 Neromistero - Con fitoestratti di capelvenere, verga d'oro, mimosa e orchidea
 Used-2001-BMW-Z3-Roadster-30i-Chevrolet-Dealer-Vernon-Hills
==
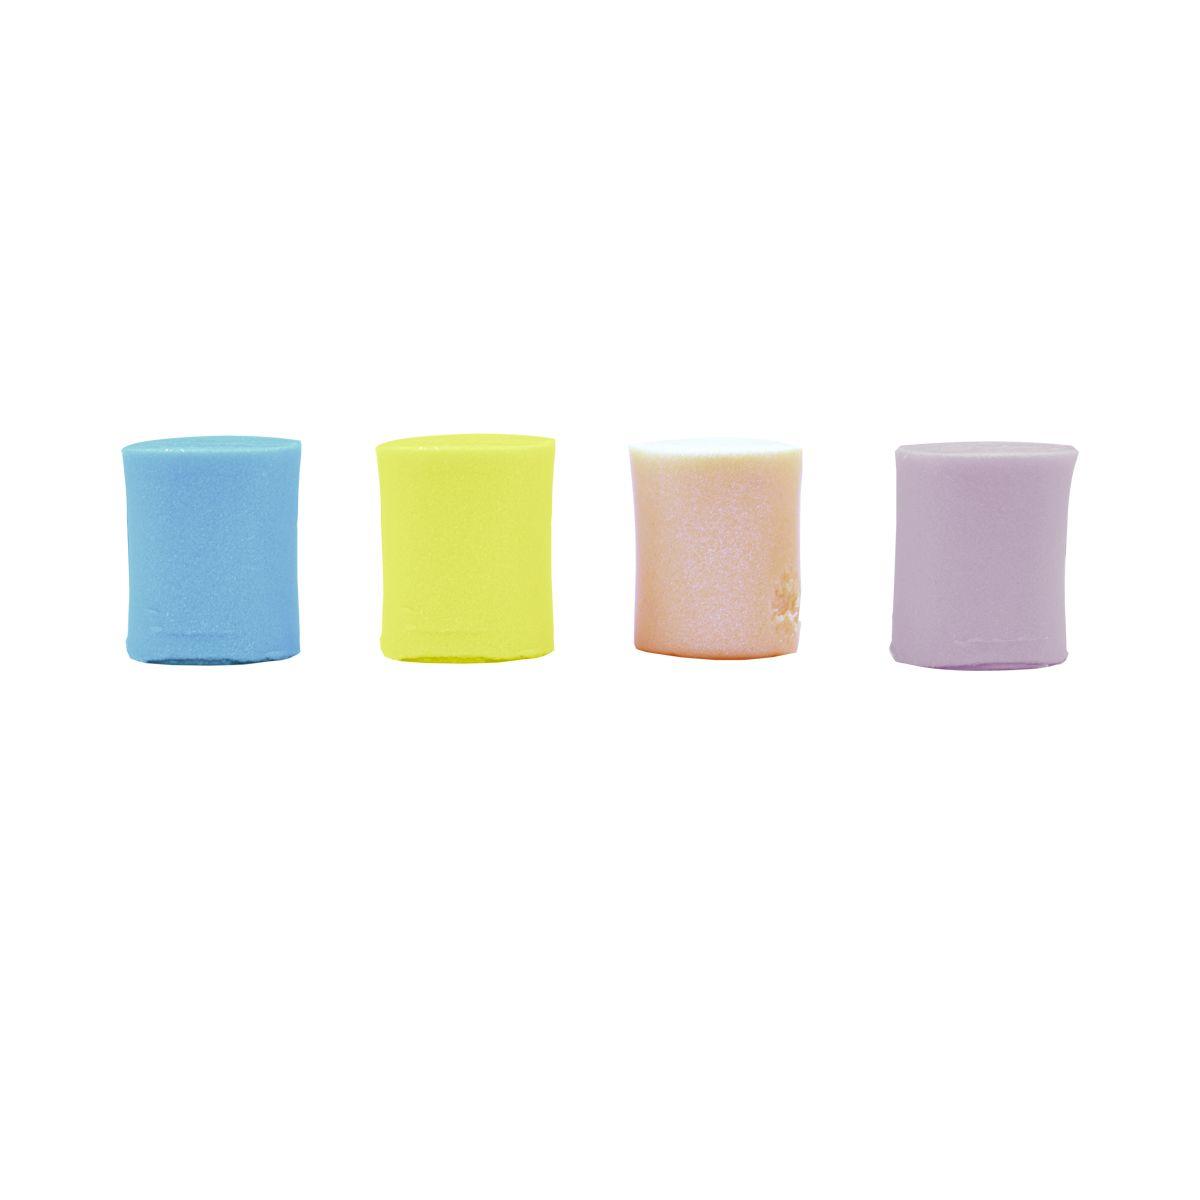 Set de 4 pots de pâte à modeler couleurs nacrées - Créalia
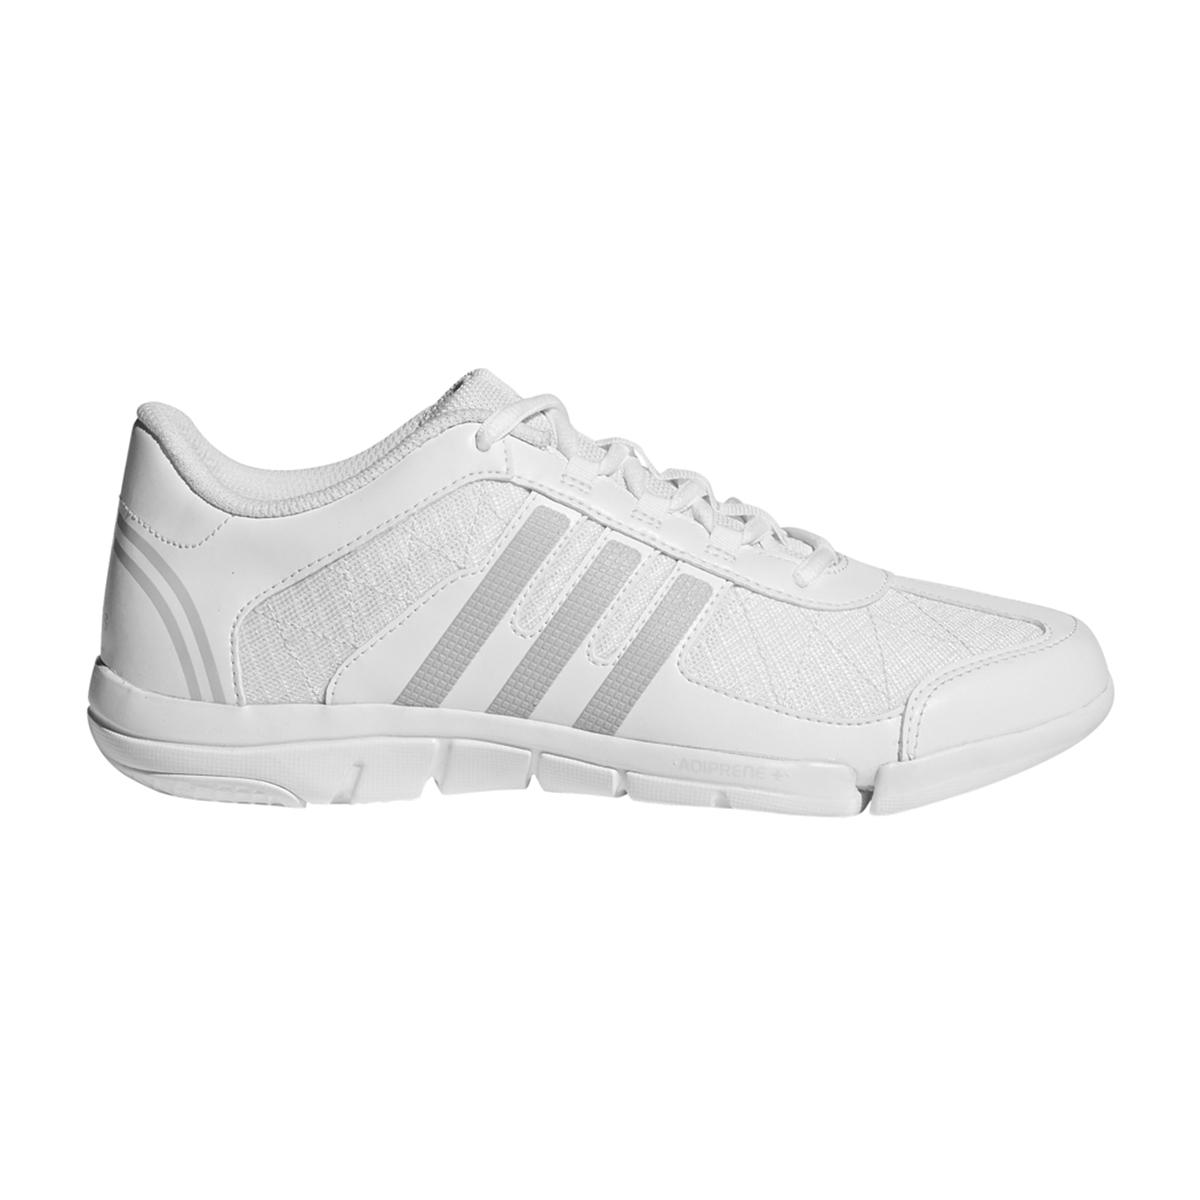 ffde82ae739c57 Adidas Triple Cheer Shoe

> [TASK INSTRUCTIONS]: Return, exactly as they stand, the lines above from the one with "Set de 4 pots" to the one with "ffde82ae739c57 Adidas Triple Cheer Shoe", omitting any pictures among them.

> [PROBLEM SOLUTION]:
 Set de 4 pots de pâte à modeler couleurs nacrées - Créalia
 ffde82ae739c57 Adidas Triple Cheer Shoe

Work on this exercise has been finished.